Puisqu'elle révèle la duplicité du monde bourgeois, il faut défendre à tout prix la prostituée : elle incarne la lucidité noire dans l'obscurantisme des Lumières. Ménageant un trou béant dans la fausseté du progressisme, la prostituée est pour Laurent de Sutter la figure même de l'innocence : c'est une pure surface sans fond. Lorsqu'elle fait signe, pour racoler le client, elle ne signale rien d'autre qu'elle-même. Elle se manifeste comme marchandise dans un monde de marchandises, contre lequel elle ne proteste pas, mais qu'elle exhibe.

Dans son ouvrage précédent déjà, Théorie du trou, Laurent de Sutter exprimait son amour singulier pour la pure forme sans fond : proprement dégo?té par le fond et par les principes (de la connaissance, du droit, de la morale), il ne sauve que les formes défoncées.

Seul semble digne à l'auteur ce qui se tient à sa surface et ne fait semblant de rien. Au contraire de la prostituée, la coquette de Maupassant et de Godard (comme le " frimeur " du livre précédent de de Sutter) joue avec les signes du désir, comme s'ils signifiaient autre chose qu'eux-mêmes. Pour cette raison, elle est fausse.

Avec un grand talent pour la mise en figures, Laurent de Sutter transforme tout le temps les concepts en caractères ; disons que la prostituée est le caractère moderne de la vérité.

Cette vérité est sans contenu. Elle renvoie au sujet une image vide qui lui montre enfin son propre regard. La vérité, c'est la révélation pour un sujet de ce qu'il cherche, de ce qu'il veut, de ce qu'il désire, abstraction faite de son objet. Sans cesse, dans le savoir, l'objet parasite le regard et le désir. Laurent de Sutter n'espère qu'une chose : se découvrir sans objet. Cette vérité de soi à soi sans duplicité, sans hypocrisie, seule la prostituée la rend possible. Devant une prostituée, le sujet client est renvoyé à lui-même : pourquoi est-il venu ici ? Qu'est-ce qu'il veut ? Dans l'amour, tout est faussé, car il y a un autre devant soi, qui cherche, qui désire aussi, et l'un dans l'autre, les sujets se perdent toujours en illusions réciproques. Dans la prostitution, un sujet (la putain) fait surgir la vérité en renonçant à son double fond; et la vérité a un prix. Pour voir le vrai, ce n'est pas gratuit, il faut payer.

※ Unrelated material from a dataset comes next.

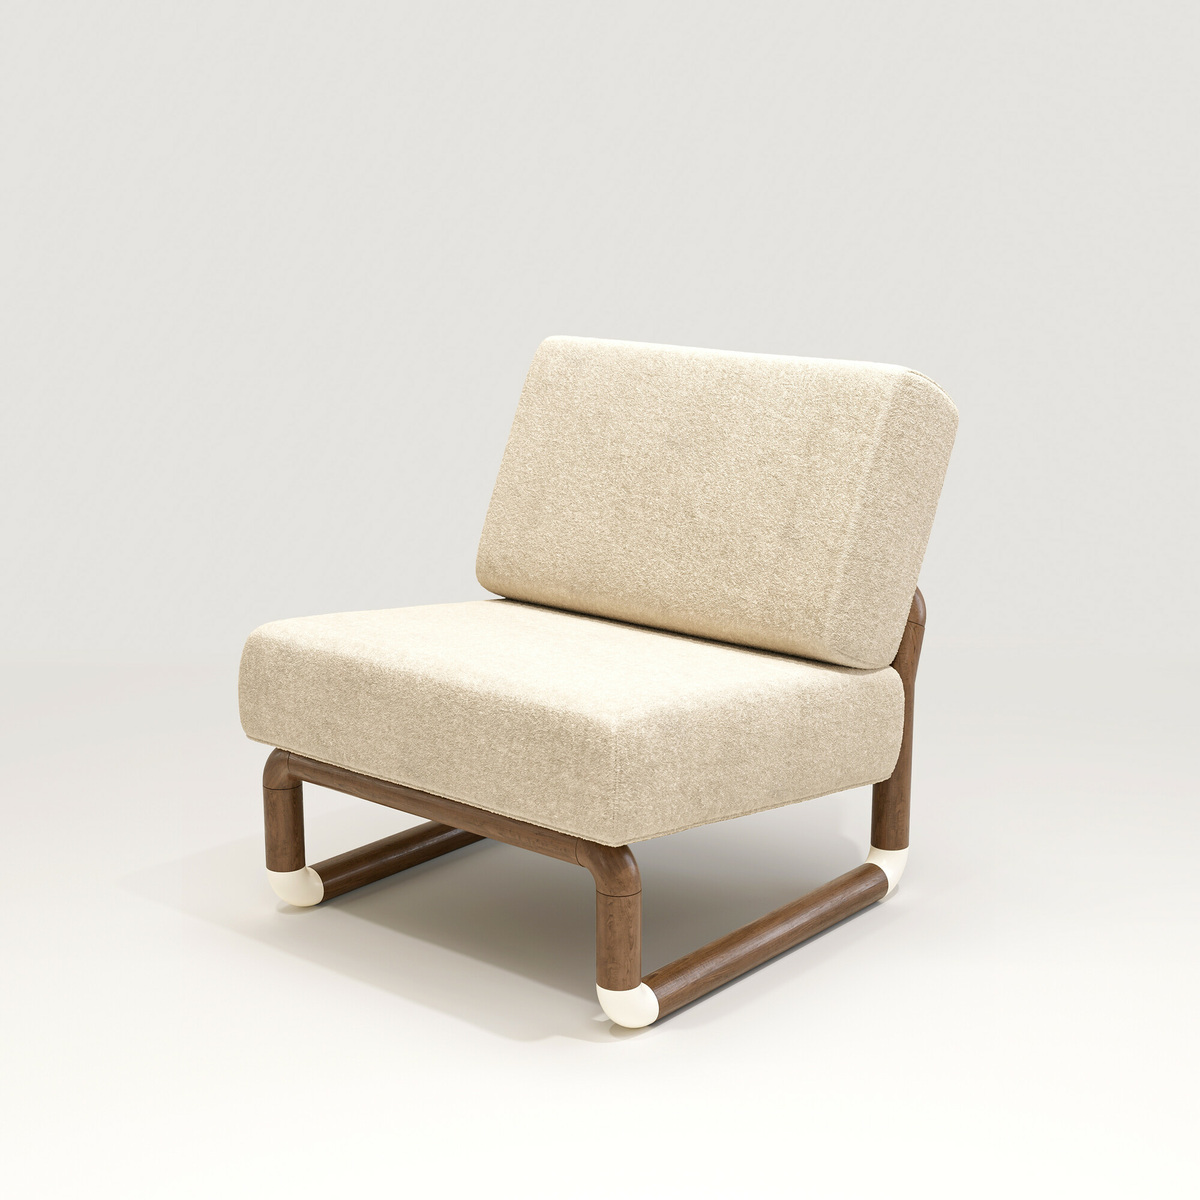 Fireside chair Nico, Imprimé - L71 x P82 x H76,8 cm - Noyer/Coton - image 23

Laurent de Sutter ne croit pas à une dissipation de l'illusion par le progrès moral ou politique. Contestant l'abolitionnisme, il ne comprend pas comment une société juste pourrait conduire à la disparition de la prostitution, puisque la prostitution, c'est ce que nous avons de plus juste. Dans un monde où rien n'est vrai, seul ce qui ne fait pas semblant de ne pas être faux tient lieu de vérité.

La prostituée idéale de Laurent de Sutter est pure et nue. C'est une femme, pas un homme. On pourra toujours lui reprocher cette idéalisation. Il répondrait avec mélancolie que nous appartenons encore à la modernité hypocrite : nous ne supportons pas la prostituée, nous voulons ou l'humilier ou la défendre ou l'interdire. Il répondrait qu'elle n'a pas besoin de nous : c'est nous qui avons besoin d'elle.

Moderne débarrassé de la modernité, Laurent de Sutter aime d'un amour infini la prostituée parce qu'elle troue un monde de vérités illusoires par la seule illusion véritable. Et son livre est un rare exemple de déclaration d'amour théorique.